By default we check if there is no differences across condition(null hypothesis). But if there is a clear biological difference across condition then even genes with very small foldchange will be flagged as significant because the null hypothesis is clearly false.
In such a scenario I would need to focus on the magnitude of the fold change.So if I have to find out the significant DE genes between two conditions then I would need to specify a composite null hypothesis wherein the null hypothesis would be that genes with fold change > or < threshold is not significant.
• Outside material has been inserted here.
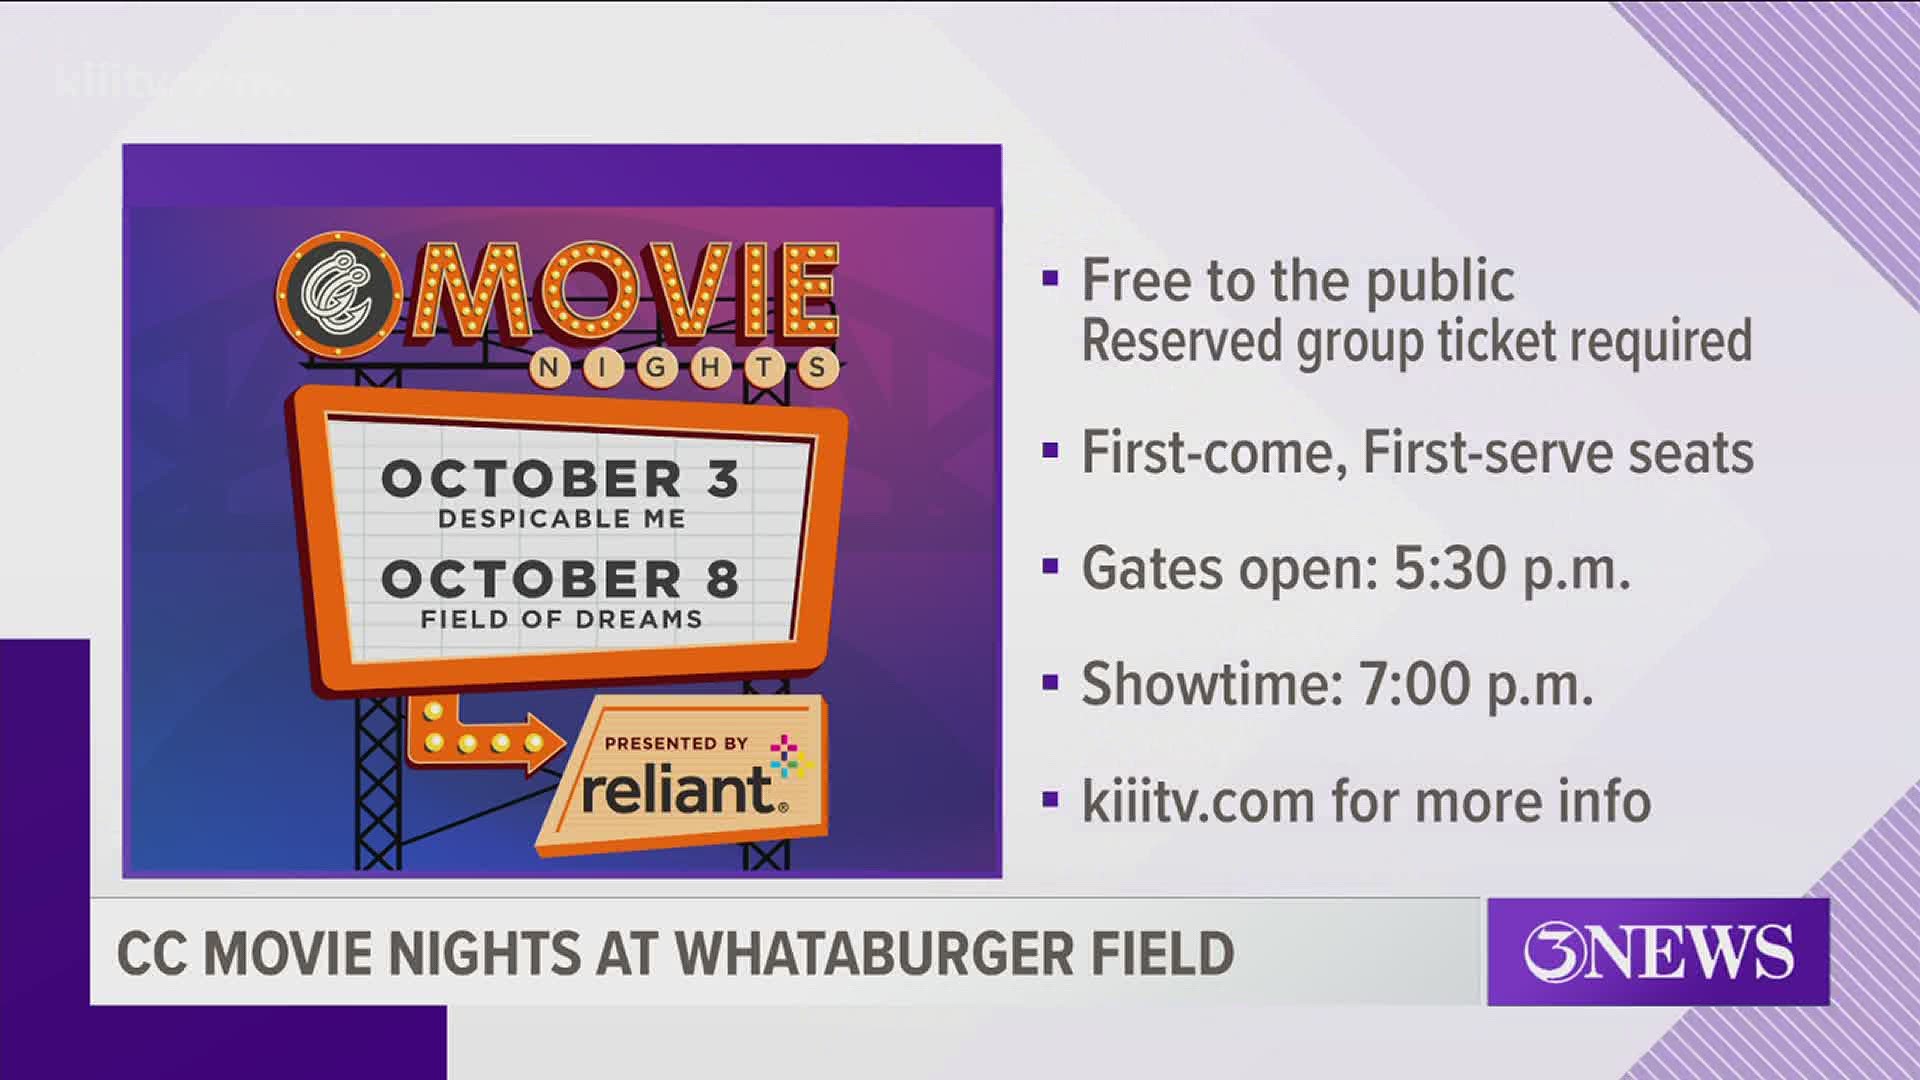 Movie nights are free to the public. Here's what you need to know before you go!

So if I am interested in finding DE genes between two groups "infected lung" and "non-infected spleen" that have a fold change > 2 or <-2 then is this correct?
res<- results(dds,contrast=c("State", "infected lung", "non-infected spleen"), altHypothesis="greaterAbs",lfcThreshold = 1)
res[which(res$padj<0.05),]
exactly.
one correction is that lfcThreshold=1 and altHypothesis="greaterAbs" corresponds to a fold change of > 2 or < 1/2.
Yes. I understand now. Thank you for helping me out.